The trial judge incorrectly determined whether an informer's testimony was necessary to a fair trial. The proper test is whether the testimony the informer can give is relevant to an issue material to the defense and necessary to the determination of guilt or innocence. It is not for the judge to determine whether the testimony will be helpful. State v. Outlaw, 108 Wis. 2d 112, 321 N.W.2d 145 (1982).
The application of the informer privilege to communications tending to identify the informer and consideration by the trial court under sub. (3) (c) of the privileged information in determining reasonable suspicion for an investigative seizure is discussed. State v. Gordon, 159 Wis. 2d 335, 464 N.W.2d 91 (Ct. App. 1990).

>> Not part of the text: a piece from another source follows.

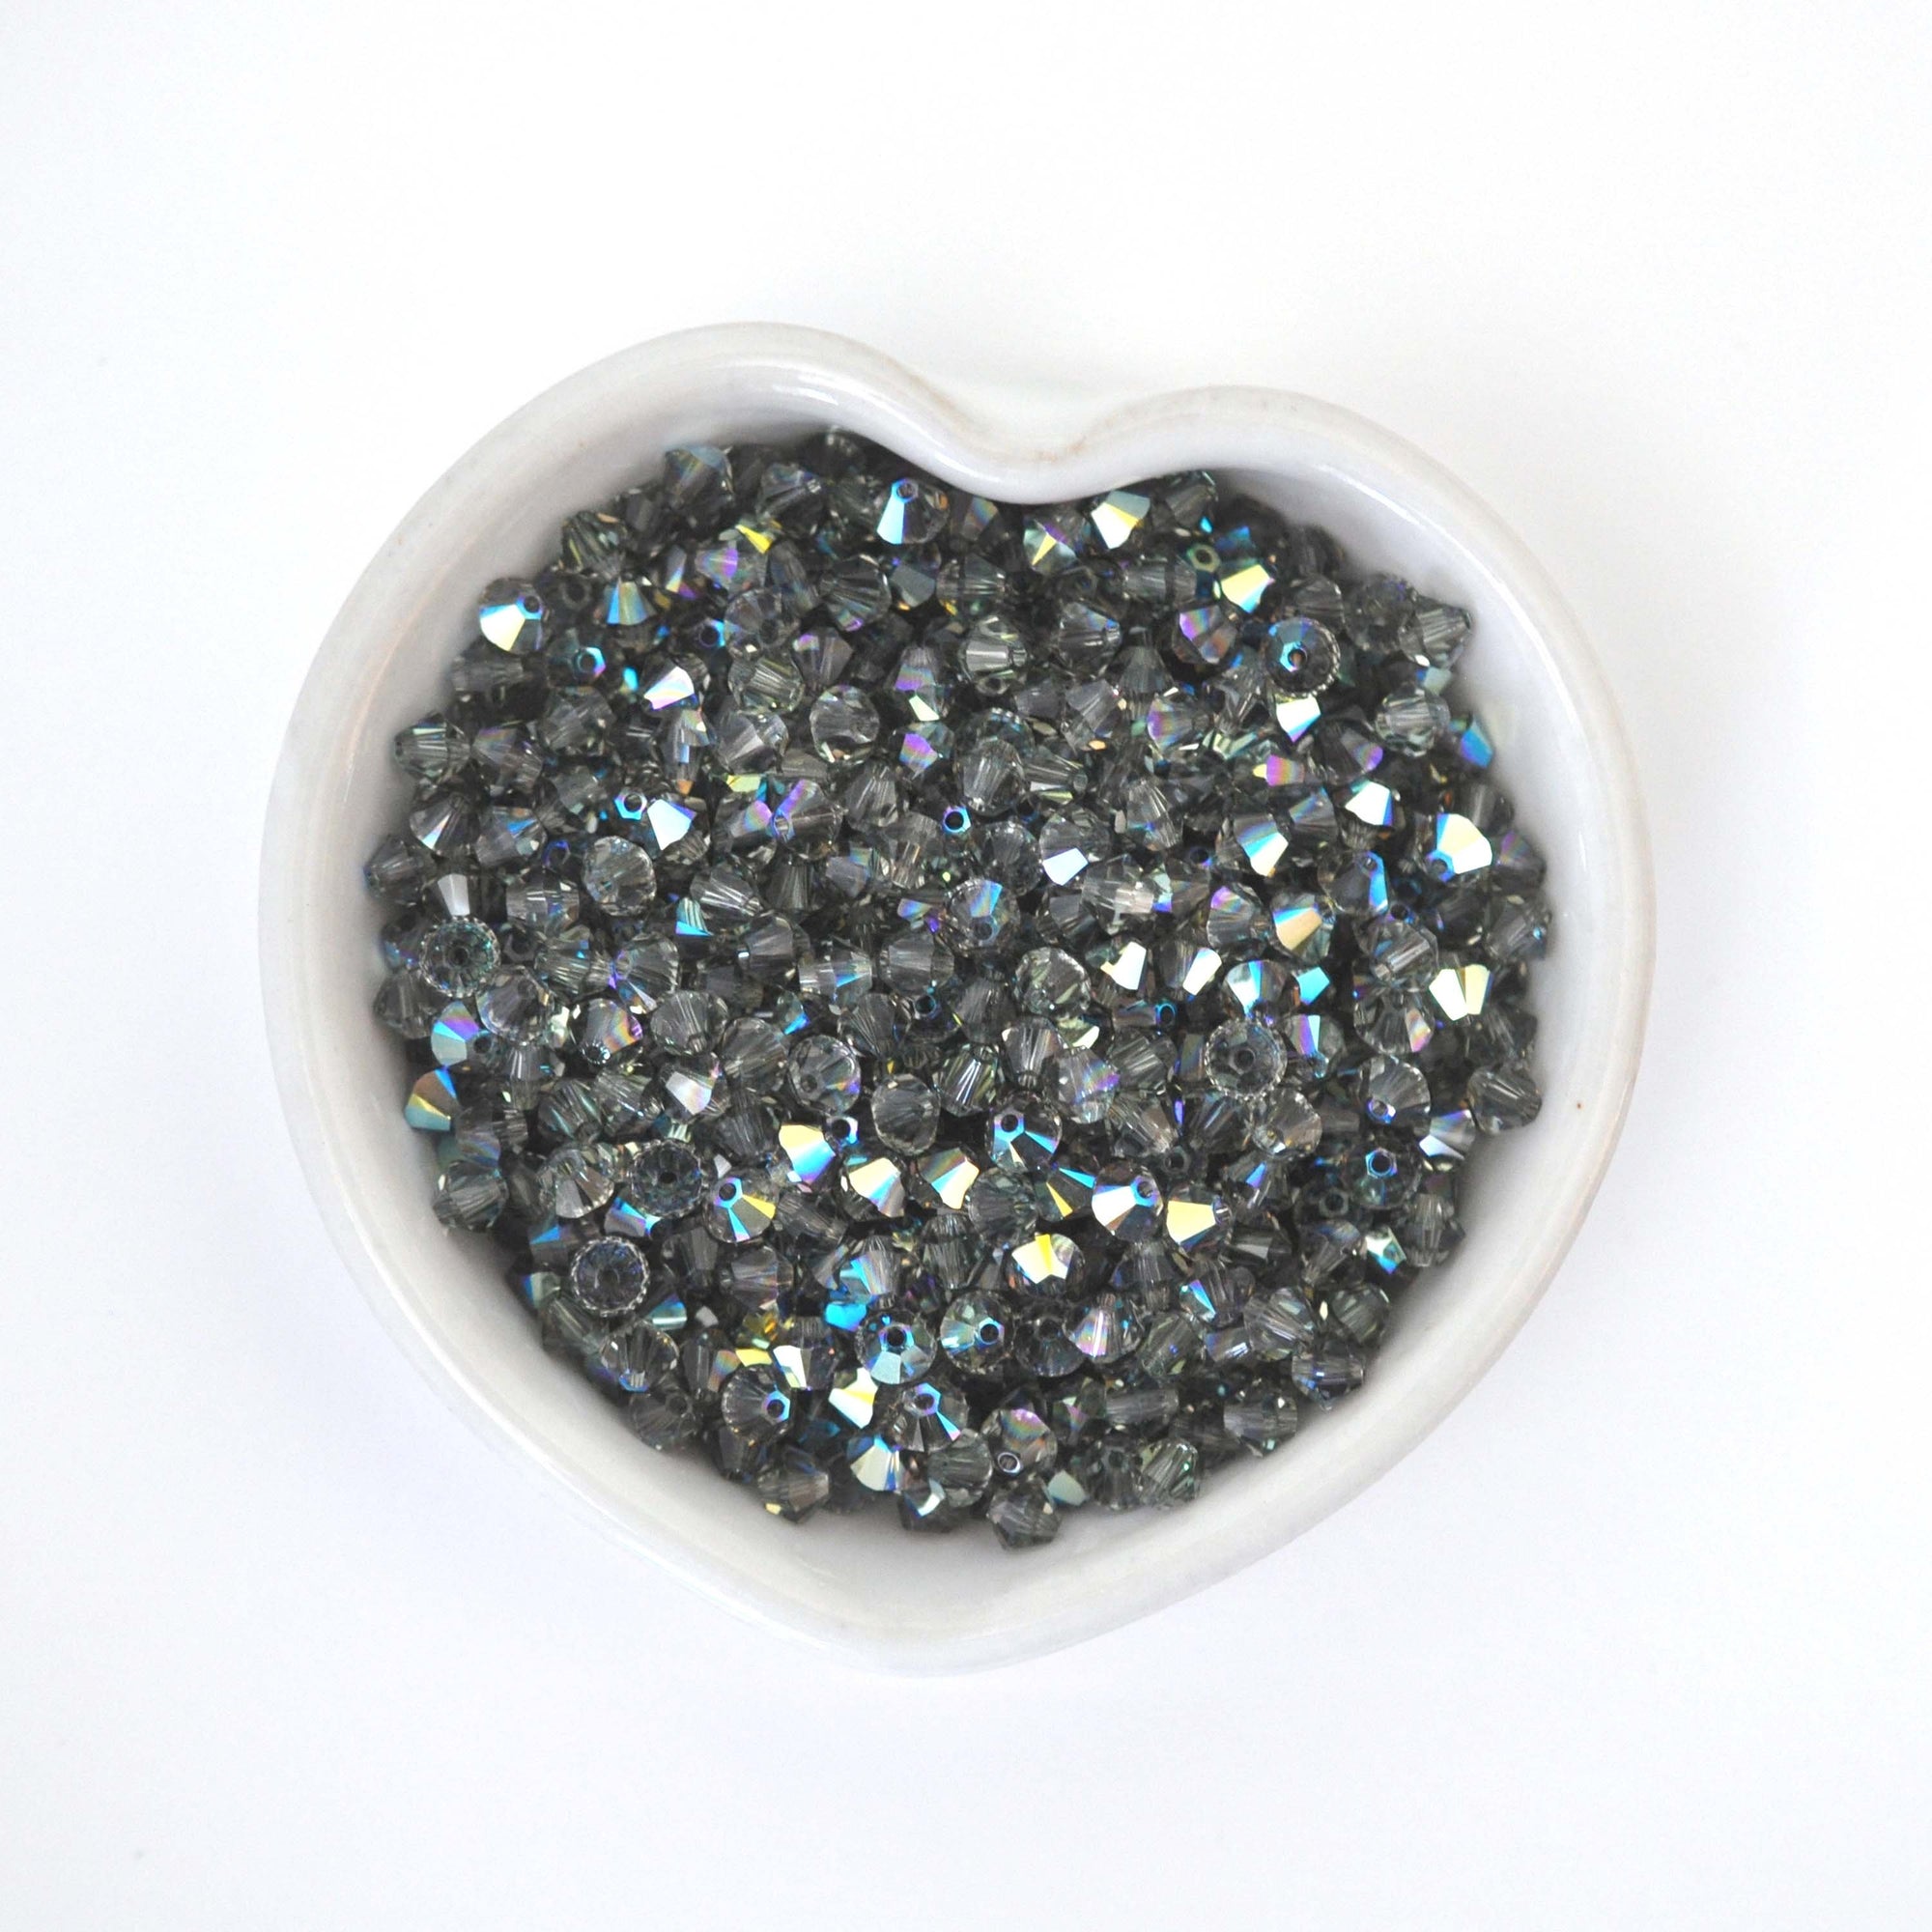 Black Diamond AB Bicone Beads 5328 Barton Crystal 4mm

When the defendant knew an informer's identity but sought to put the informer's role as an informer before the jury to support his defense that the informer actually committed the crime, the judge erred in not permitting the jury to hear the evidence. State v. Gerard, 180 Wis. 2d 327, 509 N.W.2d 112 (Ct. App. 1993).
The state is the holder of the privilege; disclosure by an informer's attorney is not “by the informer's own action." The privilege does not die with the informer. State v. Lass, 194 Wis. 2d 592, 535 N.W.2d 904 (Ct. App. 1995).
When there was sufficient evidence in the record to permit a rational court to conclude that a reasonable probability existed that the informer could provide relevant testimony necessary to a fair determination on the issue of guilt or innocence, the decision to forego an in camera hearing was within the discretion of the trial court. State v. Norfleet, 2002 WI App 140, 254 Wis. 2d 569, 647 N.W.2d 341, 01-1374.
Once a defendant has made an initial showing that there is a reasonable probability that an informer may be able to give testimony necessary to the determination of guilt or innocence, the state has the opportunity to show, in camera, facts relevant to whether the informer can provide that testimony. Only if the court determines that an informer's testimony is necessary to the defense in that it could create a reasonable doubt of the defendant's guilt, must the privilege to not disclose the informer give way. The state may present evidence that an informer's testimony is unnecessary. State v. Vanmanivong, 2003 WI 41, 261 Wis. 2d 202, 661 N.W.2d 76, 00-3257.
The trial court erred when upon finding affidavits of confidential informers insufficient it, on its own initiative and without contacting either party's attorney, requested additional information from law enforcement. If affidavits are insufficient, the court must hold an in camera hearing and take the testimony of the informers to determine if their testimony is relevant and material to the defendant's defense. State v. Vanmanivong, 2003 WI 41, 261 Wis. 2d 202, 661 N.W.2d 76, 00-3257.
The required showing to trigger an in camera review under sub. (3) (b) is a reasonable possibility, grounded in the facts and circumstances of the case, that a confidential informer may have information necessary to the defendant's theory of defense. The phrase “may be able to give testimony" confirms that the defendant's initial burden under the statute involves only a possibility the confidential informer may have information necessary to the defense, but it must be a reasonable possibility. A circuit court should consider all of the evidence to determine whether to grant an in camera review, not just the contents of the defendant's motion. State v. Nellessen, 2014 WI 84, 360 Wis. 2d 493, 849 N.W.2d 654, 12-0150. State v. Toliver, 2014 WI 85, 356 Wis. 2d 642, 851 N.W.2d 251, 12-0393.